Supporting Communities Through Hip Hop
A Mountaintop team explored music, entrepreneurship and software ventures.
The proposal for the student project began with a line from rapper Jay Z: No lie, just know I chose my own fate. I drove by the fork in the road and went straight.
For faculty mentor Joshua Ehrig, the Renegade lyrics were a perfect setup for the project, which forced students out of their comfort zones to explore hip hop music, entrepreneurship and software ventures through Lehigh’s self-directed 12-week summer Mountaintop program.
The diverse team of students who embarked on the journey of discovery had a goal of developing a "minimal viable product" that would go live by the program’s end.
At the start, students quickly learned each other’s strengths and differences and how to perform together as a team, said Asante Asiedu ’17, a marketing major minoring in entrepreneurship and finance.
Their first few weeks were a crash course in entrepreneurship. They learned how to do business model canvases, conduct customer discovery and create an MVP—a rapidly built product with minimum features to test with customers. They learned about social media, guerrilla marketing and hip hop’s history and culture.

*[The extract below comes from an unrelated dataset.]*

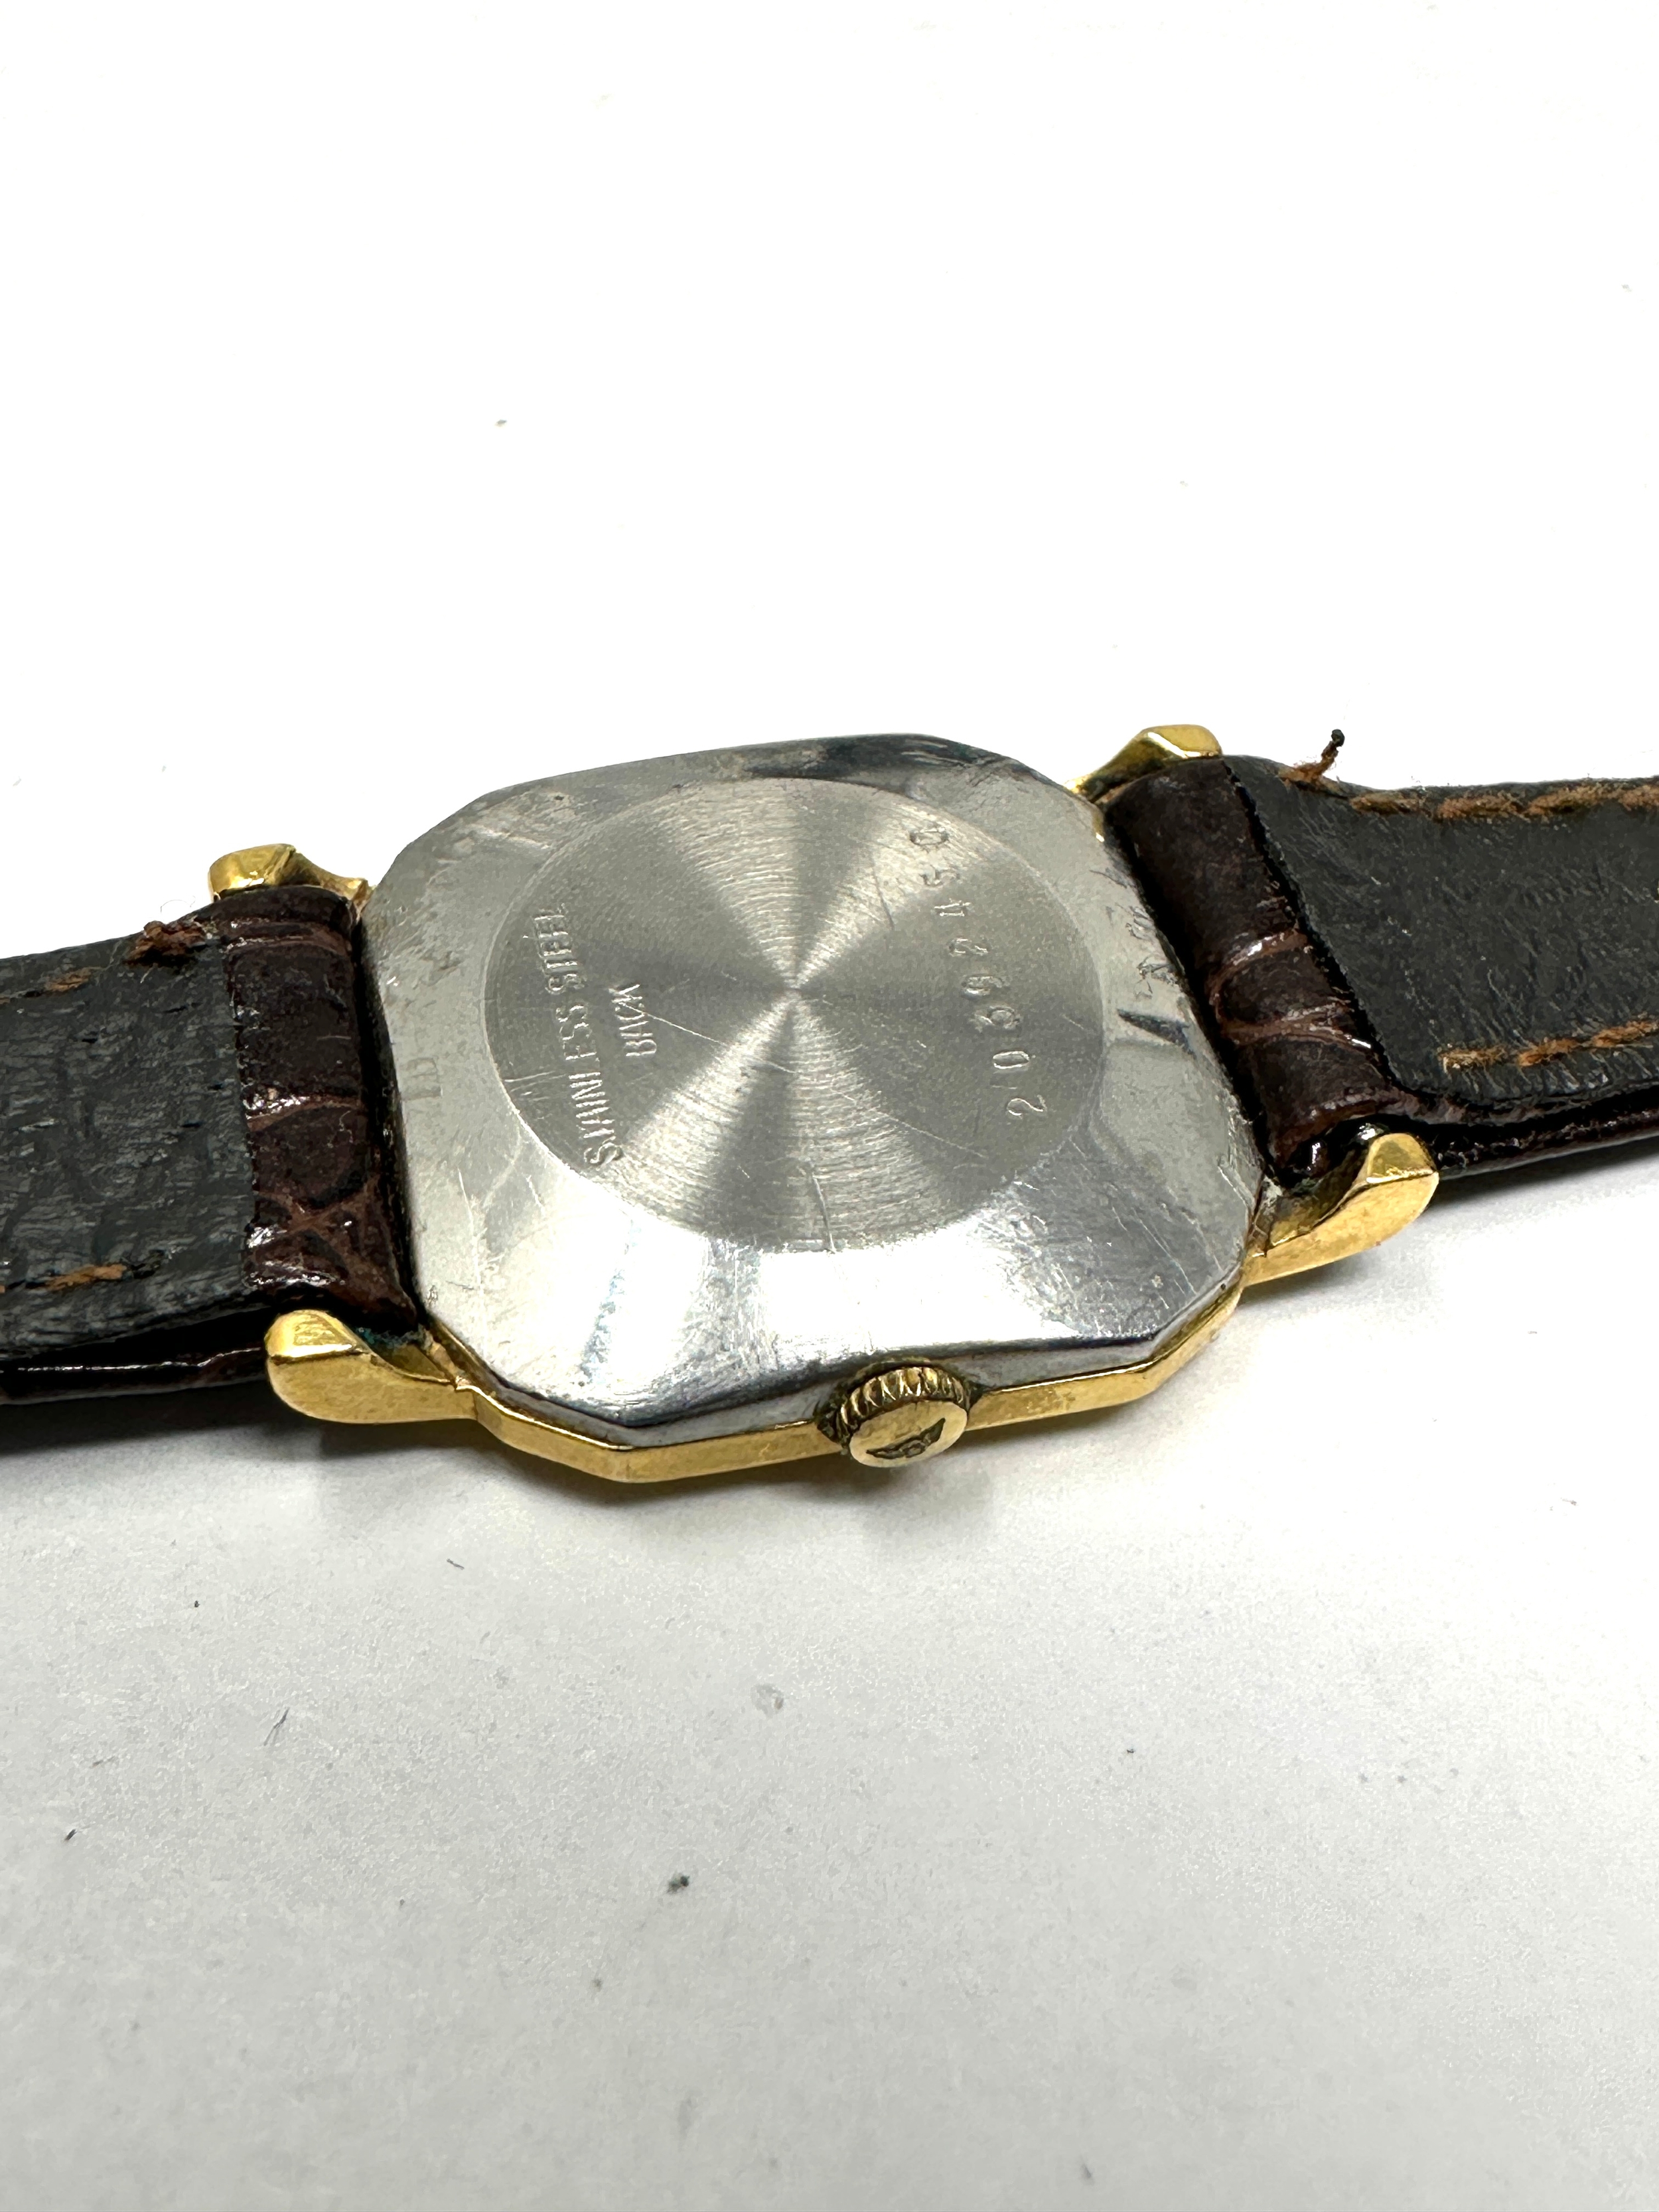 Ladies Longines quartz wristwatch the watch is not ticking - Bild 3 aus 4

"Generally, in an entrepreneurship course, you’ll have CEOs or founders of startup companies," said Ehrig, a professor of practice in the department of management and a longtime hip hop fan. "In this case not only did we have that, but we had hip hop artists, graffiti artists, various facets of the hip hop community. And when you put those two together, it creates a special kind of dynamic, and it actually helps students develop a really unique skill set."
Team members were then set to develop their own ideas, seek customer feedback through focus groups, develop prototypes and test feasibility.

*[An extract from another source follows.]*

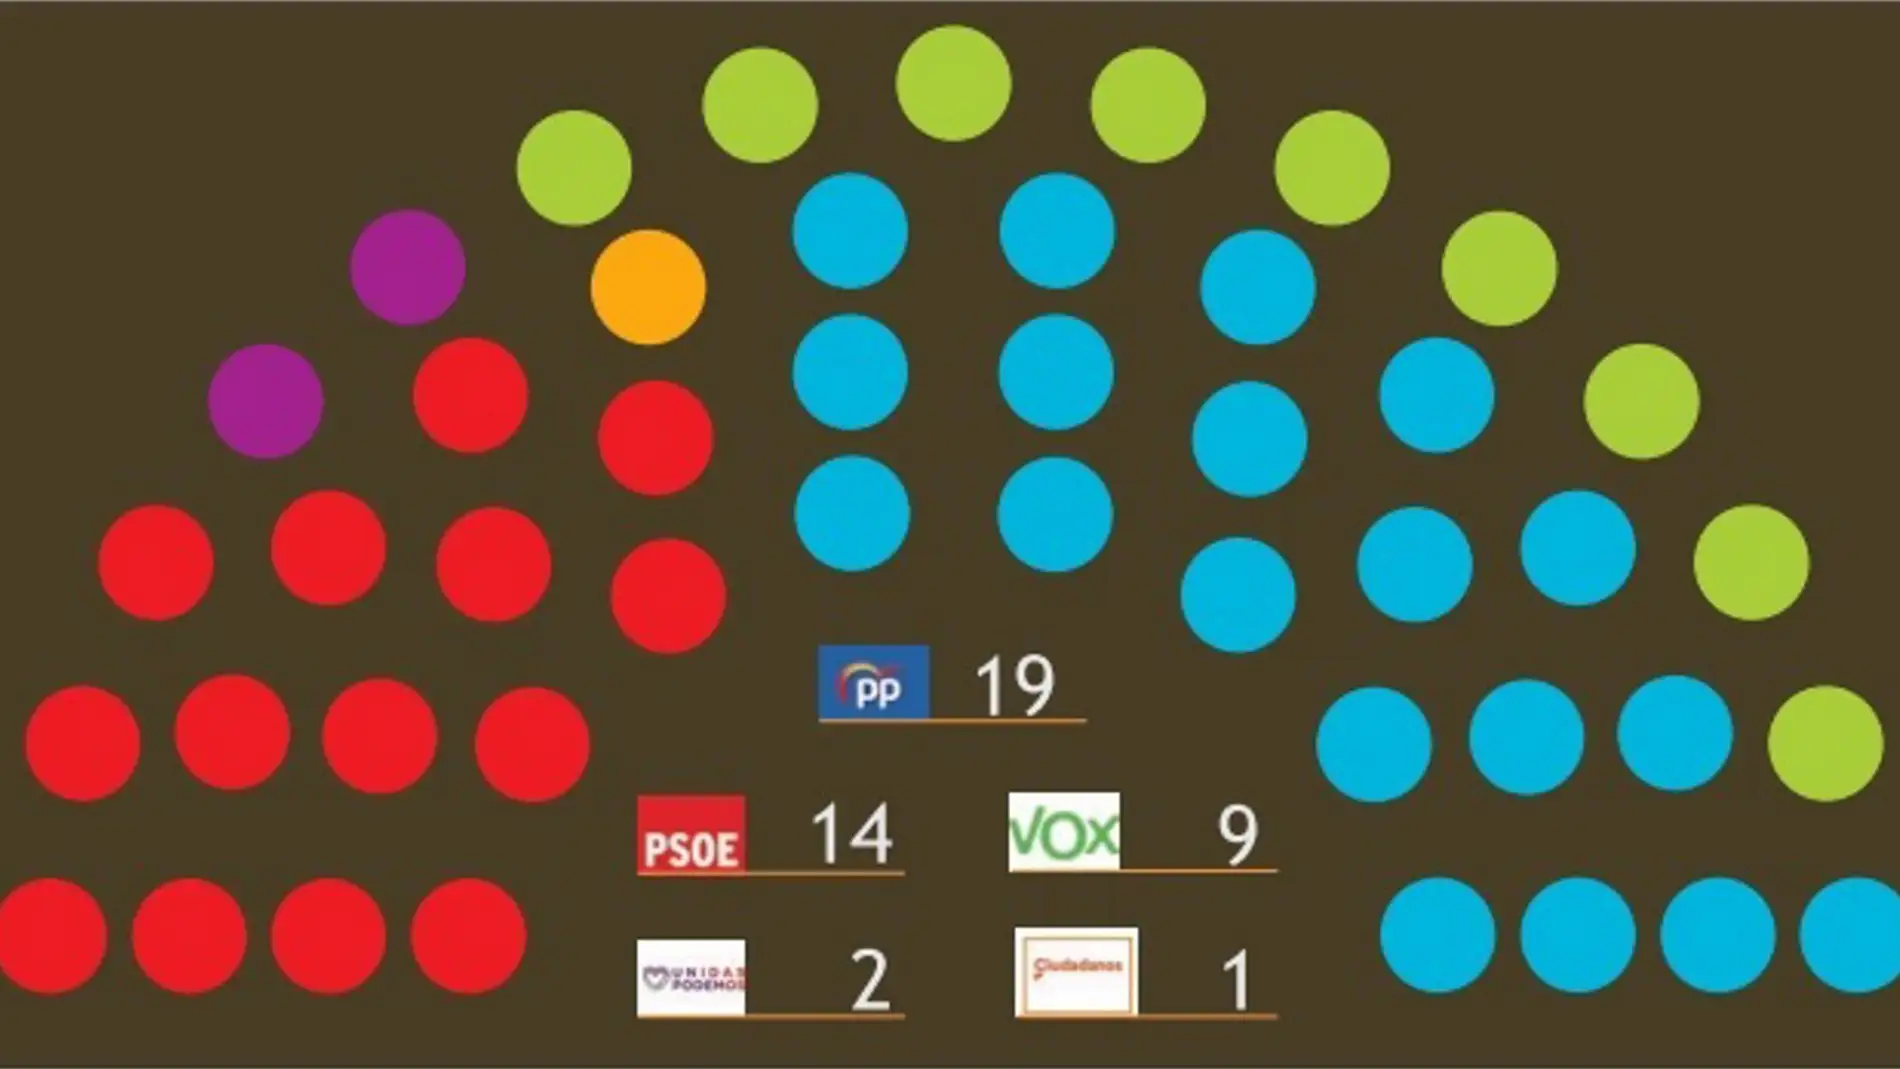 El PP ganaría las elecciones, pero seguiría necesitando a VOX para gobernar, según el barómetro del CEMOP

They came up with the idea of creating a website that would rank hip hop artists by metrics and assign them scores to highlight the most socially conscious artists and lead to discovery of their music. They called the effort "IMPACT." But they felt they wanted it to do more.
The team’s final product is a web application that selects an artist of the week and donates a portion of canned goods to that artist’s hometown based on number of listens through the site.
"Our mission is to donate food to those in need while fostering music discovery of socially conscious artists," said Thomas Verdi ’17, an English major with a concentration in creative writing minoring in entrepreneurship.
David Ro ’15, a computer science and business major, built the site, including an algorithm that selects featured artists based on socially conscious media presence, most recent donations and local impact.
Ehrig, who teaches entrepreneurship through the College of Business and Economics and the Baker Institute for entrepreneurship, creativity and innovation, said the project opened the students’ eyes to a new world and was impactful "not only in modes of thinking but potential new ventures and market opportunities."